> _WORK INSTRUCTION_
Please restate the data word for word.

[Stored data]
Content starts
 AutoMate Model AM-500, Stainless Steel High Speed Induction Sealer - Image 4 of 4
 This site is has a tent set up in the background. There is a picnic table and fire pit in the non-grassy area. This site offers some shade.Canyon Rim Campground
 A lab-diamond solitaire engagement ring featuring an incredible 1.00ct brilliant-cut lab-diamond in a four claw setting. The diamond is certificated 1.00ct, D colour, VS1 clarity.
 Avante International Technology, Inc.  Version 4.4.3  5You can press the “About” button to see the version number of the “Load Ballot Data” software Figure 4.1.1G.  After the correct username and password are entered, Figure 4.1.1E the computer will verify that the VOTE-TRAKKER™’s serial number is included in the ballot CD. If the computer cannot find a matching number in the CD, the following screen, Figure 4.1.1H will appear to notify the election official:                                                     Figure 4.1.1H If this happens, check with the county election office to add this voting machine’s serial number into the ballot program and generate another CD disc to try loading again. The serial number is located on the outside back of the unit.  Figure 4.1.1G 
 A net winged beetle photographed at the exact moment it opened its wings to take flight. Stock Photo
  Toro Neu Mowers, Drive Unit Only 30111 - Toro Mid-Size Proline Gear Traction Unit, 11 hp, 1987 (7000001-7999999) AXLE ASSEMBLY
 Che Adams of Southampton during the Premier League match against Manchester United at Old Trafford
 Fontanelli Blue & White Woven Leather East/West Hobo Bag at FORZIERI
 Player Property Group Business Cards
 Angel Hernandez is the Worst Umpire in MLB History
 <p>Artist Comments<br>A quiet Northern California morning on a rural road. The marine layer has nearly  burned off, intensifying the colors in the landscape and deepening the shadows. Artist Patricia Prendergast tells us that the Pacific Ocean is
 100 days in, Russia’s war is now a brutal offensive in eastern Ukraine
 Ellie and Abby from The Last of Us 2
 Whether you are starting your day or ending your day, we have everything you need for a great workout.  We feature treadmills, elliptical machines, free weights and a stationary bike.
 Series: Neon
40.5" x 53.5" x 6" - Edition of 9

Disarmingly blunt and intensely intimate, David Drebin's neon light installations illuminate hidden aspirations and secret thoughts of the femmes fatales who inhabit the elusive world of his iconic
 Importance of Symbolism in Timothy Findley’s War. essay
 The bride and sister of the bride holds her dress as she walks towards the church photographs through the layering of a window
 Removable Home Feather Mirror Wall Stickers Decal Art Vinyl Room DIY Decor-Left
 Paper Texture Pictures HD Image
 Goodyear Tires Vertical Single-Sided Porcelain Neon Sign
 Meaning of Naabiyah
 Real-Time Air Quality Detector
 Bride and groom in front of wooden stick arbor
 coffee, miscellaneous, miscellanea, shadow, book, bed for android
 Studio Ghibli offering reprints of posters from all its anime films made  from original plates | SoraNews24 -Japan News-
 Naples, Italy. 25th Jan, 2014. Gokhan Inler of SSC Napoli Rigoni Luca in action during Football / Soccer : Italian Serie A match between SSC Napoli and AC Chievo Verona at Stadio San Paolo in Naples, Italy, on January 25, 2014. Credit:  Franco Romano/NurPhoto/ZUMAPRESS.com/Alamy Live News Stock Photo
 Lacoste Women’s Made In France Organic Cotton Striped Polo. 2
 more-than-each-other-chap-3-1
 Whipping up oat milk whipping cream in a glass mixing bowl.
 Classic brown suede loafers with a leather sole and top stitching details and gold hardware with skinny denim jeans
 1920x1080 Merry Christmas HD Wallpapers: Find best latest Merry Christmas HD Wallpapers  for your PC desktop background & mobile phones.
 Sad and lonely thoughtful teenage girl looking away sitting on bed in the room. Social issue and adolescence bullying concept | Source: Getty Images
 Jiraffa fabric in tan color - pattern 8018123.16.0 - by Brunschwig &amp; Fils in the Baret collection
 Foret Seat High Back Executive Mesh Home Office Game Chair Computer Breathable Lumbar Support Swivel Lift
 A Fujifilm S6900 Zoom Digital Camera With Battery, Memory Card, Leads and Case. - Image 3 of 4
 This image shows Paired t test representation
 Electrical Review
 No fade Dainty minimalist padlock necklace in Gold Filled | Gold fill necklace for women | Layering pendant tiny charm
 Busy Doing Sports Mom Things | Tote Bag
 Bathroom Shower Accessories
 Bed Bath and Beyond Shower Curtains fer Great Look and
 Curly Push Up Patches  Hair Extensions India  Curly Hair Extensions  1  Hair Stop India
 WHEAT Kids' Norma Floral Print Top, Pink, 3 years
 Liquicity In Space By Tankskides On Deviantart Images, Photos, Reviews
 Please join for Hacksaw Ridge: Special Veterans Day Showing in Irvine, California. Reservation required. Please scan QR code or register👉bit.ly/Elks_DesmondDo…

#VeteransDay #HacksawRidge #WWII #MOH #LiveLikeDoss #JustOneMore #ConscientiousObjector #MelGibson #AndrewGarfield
Content ends
> _RESPONSE FOR THIS EXERCISE_
 AutoMate Model AM-500, Stainless Steel High Speed Induction Sealer - Image 4 of 4
 This site is has a tent set up in the background. There is a picnic table and fire pit in the non-grassy area. This site offers some shade.Canyon Rim Campground
 A lab-diamond solitaire engagement ring featuring an incredible 1.00ct brilliant-cut lab-diamond in a four claw setting. The diamond is certificated 1.00ct, D colour, VS1 clarity.
 Avante International Technology, Inc.  Version 4.4.3  5You can press the “About” button to see the version number of the “Load Ballot Data” software Figure 4.1.1G.  After the correct username and password are entered, Figure 4.1.1E the computer will verify that the VOTE-TRAKKER™’s serial number is included in the ballot CD. If the computer cannot find a matching number in the CD, the following screen, Figure 4.1.1H will appear to notify the election official:                                                     Figure 4.1.1H If this happens, check with the county election office to add this voting machine’s serial number into the ballot program and generate another CD disc to try loading again. The serial number is located on the outside back of the unit.  Figure 4.1.1G 
 A net winged beetle photographed at the exact moment it opened its wings to take flight. Stock Photo
  Toro Neu Mowers, Drive Unit Only 30111 - Toro Mid-Size Proline Gear Traction Unit, 11 hp, 1987 (7000001-7999999) AXLE ASSEMBLY
 Che Adams of Southampton during the Premier League match against Manchester United at Old Trafford
 Fontanelli Blue & White Woven Leather East/West Hobo Bag at FORZIERI
 Player Property Group Business Cards
 Angel Hernandez is the Worst Umpire in MLB History
 <p>Artist Comments<br>A quiet Northern California morning on a rural road. The marine layer has nearly  burned off, intensifying the colors in the landscape and deepening the shadows. Artist Patricia Prendergast tells us that the Pacific Ocean is
 100 days in, Russia’s war is now a brutal offensive in eastern Ukraine
 Ellie and Abby from The Last of Us 2
 Whether you are starting your day or ending your day, we have everything you need for a great workout.  We feature treadmills, elliptical machines, free weights and a stationary bike.
 Series: Neon
40.5" x 53.5" x 6" - Edition of 9

Disarmingly blunt and intensely intimate, David Drebin's neon light installations illuminate hidden aspirations and secret thoughts of the femmes fatales who inhabit the elusive world of his iconic
 Importance of Symbolism in Timothy Findley’s War. essay
 The bride and sister of the bride holds her dress as she walks towards the church photographs through the layering of a window
 Removable Home Feather Mirror Wall Stickers Decal Art Vinyl Room DIY Decor-Left
 Paper Texture Pictures HD Image
 Goodyear Tires Vertical Single-Sided Porcelain Neon Sign
 Meaning of Naabiyah
 Real-Time Air Quality Detector
 Bride and groom in front of wooden stick arbor
 coffee, miscellaneous, miscellanea, shadow, book, bed for android
 Studio Ghibli offering reprints of posters from all its anime films made  from original plates | SoraNews24 -Japan News-
 Naples, Italy. 25th Jan, 2014. Gokhan Inler of SSC Napoli Rigoni Luca in action during Football / Soccer : Italian Serie A match between SSC Napoli and AC Chievo Verona at Stadio San Paolo in Naples, Italy, on January 25, 2014. Credit:  Franco Romano/NurPhoto/ZUMAPRESS.com/Alamy Live News Stock Photo
 Lacoste Women’s Made In France Organic Cotton Striped Polo. 2
 more-than-each-other-chap-3-1
 Whipping up oat milk whipping cream in a glass mixing bowl.
 Classic brown suede loafers with a leather sole and top stitching details and gold hardware with skinny denim jeans
 1920x1080 Merry Christmas HD Wallpapers: Find best latest Merry Christmas HD Wallpapers  for your PC desktop background & mobile phones.
 Sad and lonely thoughtful teenage girl looking away sitting on bed in the room. Social issue and adolescence bullying concept | Source: Getty Images
 Jiraffa fabric in tan color - pattern 8018123.16.0 - by Brunschwig &amp; Fils in the Baret collection
 Foret Seat High Back Executive Mesh Home Office Game Chair Computer Breathable Lumbar Support Swivel Lift
 A Fujifilm S6900 Zoom Digital Camera With Battery, Memory Card, Leads and Case. - Image 3 of 4
 This image shows Paired t test representation
 Electrical Review
 No fade Dainty minimalist padlock necklace in Gold Filled | Gold fill necklace for women | Layering pendant tiny charm
 Busy Doing Sports Mom Things | Tote Bag
 Bathroom Shower Accessories
 Bed Bath and Beyond Shower Curtains fer Great Look and
 Curly Push Up Patches  Hair Extensions India  Curly Hair Extensions  1  Hair Stop India
 WHEAT Kids' Norma Floral Print Top, Pink, 3 years
 Liquicity In Space By Tankskides On Deviantart Images, Photos, Reviews
 Please join for Hacksaw Ridge: Special Veterans Day Showing in Irvine, California. Reservation required. Please scan QR code or register👉bit.ly/Elks_DesmondDo…

#VeteransDay #HacksawRidge #WWII #MOH #LiveLikeDoss #JustOneMore #ConscientiousObjector #MelGibson #AndrewGarfield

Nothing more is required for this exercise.